Such a system is naturally implemented with an object-oriented language such as Java or C++. With the advent of Macromedia's Actionscript 2.0, good object oriented software design principles and techniques can now be the basis of sophisticated Flash MX-based animations. Welcome to the 21st century!


In this tutorial, I will be showing you how to build an example of simple 'particle system', a system of dynamically evolving rings (see below), using an object oriented design principle called ' composition .' Designing by composition is one of the main organizing design principles in object-based algorithms. Composition is a mechanism by which one object delegates its responsibilities to other objects. While the class design in this tutorial is simple, my hope is that it will serve as the basis for building more complex 'particle system' based animations. Working through this tutorial should also help you get a grip on the concepts of "classes," instances of those "classes," movie clips in the library, and "instances" of movie clips on the stage.

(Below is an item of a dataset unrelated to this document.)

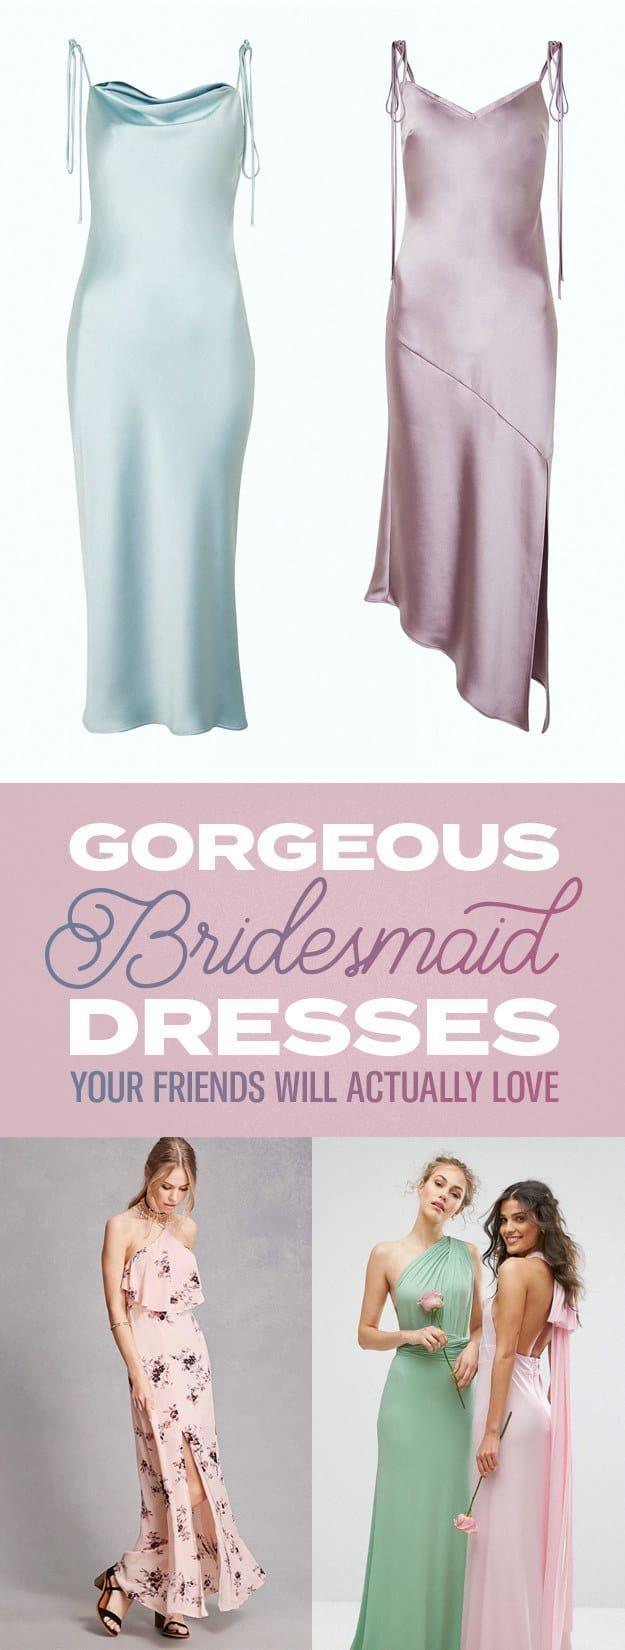 Hochzeit - 33 Gorgeous Bridesmaid Dresses Your Friends Will Actually Love

While the implementation of the 'particle system' is relatively simple, the 'life' of the system, the animation itself, is rather complex:

What you see above is a system of "ring" objects that grow (or shink) and fade and die over time. I have based the above animation on two movie clips:

1. A "Ring clip" that holds graphic of a yellow ring, and
2. A "Container clip" that will hold instances of the "Ring clip."

The above animation is just a collection of "Ring clip" instances: each instance is dynamic in that it is created, it grows (or shrinks), and finally, fades and dies. Each instance is independent of all the other instances.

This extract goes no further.